Yes, that's better. Human paper and pencil solving makes for some extra work sometimes. This does use the same concept, so I'm glad I had the basic idea right .

Now, when looking for chains like this, I only know of four different ways to come to an elimination:
1. The method described above (Begin and end on strong links in same house.The beginning and ending values do not have to be the same. The start value cannot be in the end cell, and the end value cannot be in the start cell.)
2. Begin and end on strong links on the same value, same cell (That value must be true.)
3. Begin and end on weak links on the same value, same cell (That value must be false.)
4. Begin and end on strong links on the same value, but not in the same house. Any candidate that can see both beginning and ending cells gets zapped, pincer style.

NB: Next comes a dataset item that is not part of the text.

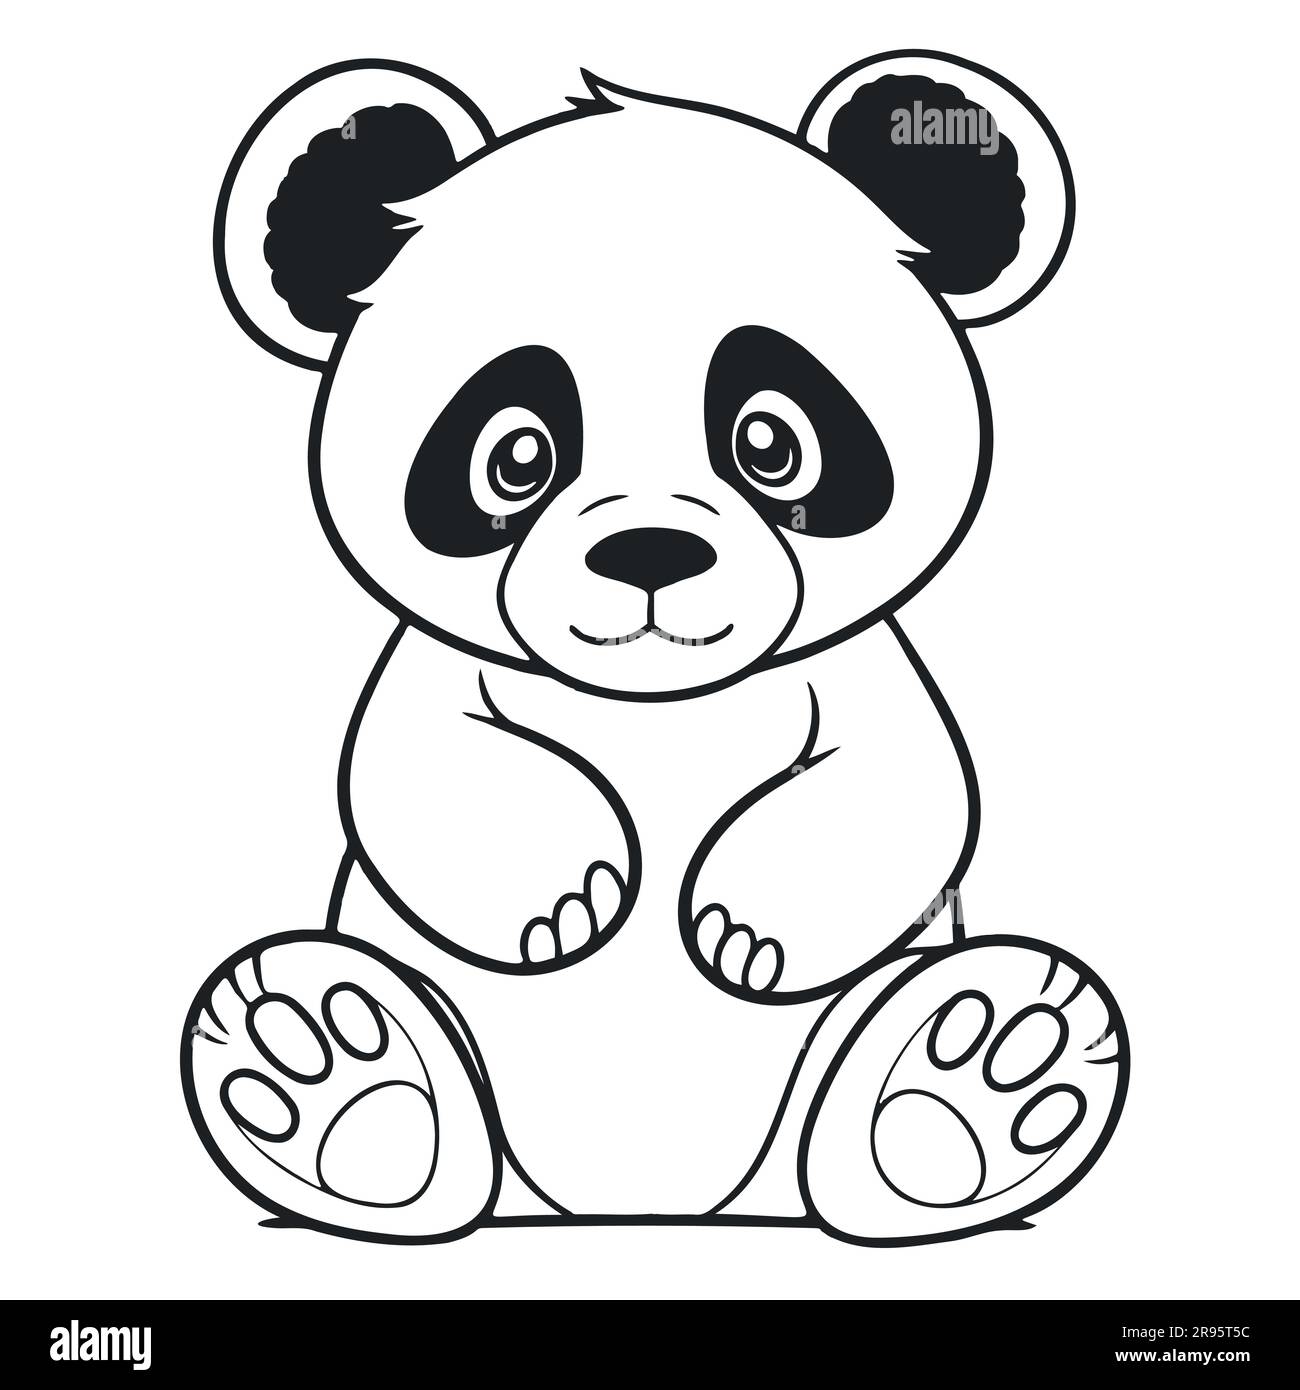 Schwarz-Weiß-Zeichnung eines süßen jungen Pandas Stock Vektor

I think 2 and 3 are usually called discontinuous nice loops.

That's the extent of my use of these chains, but something tells me I'm missing out on half the fun, as usual.

[daj95376]

That's the extent of my use of these chains, but something tells me I'm missing out on half the fun, as usual.

From my current notes on basic chains. Peer cell assignments are included because my solver doesn't track chain eliminations other than an initial elimination. So, I have to know where assignments force key eliminations. Except for chain type (5), all of the chains start and end in the same cell.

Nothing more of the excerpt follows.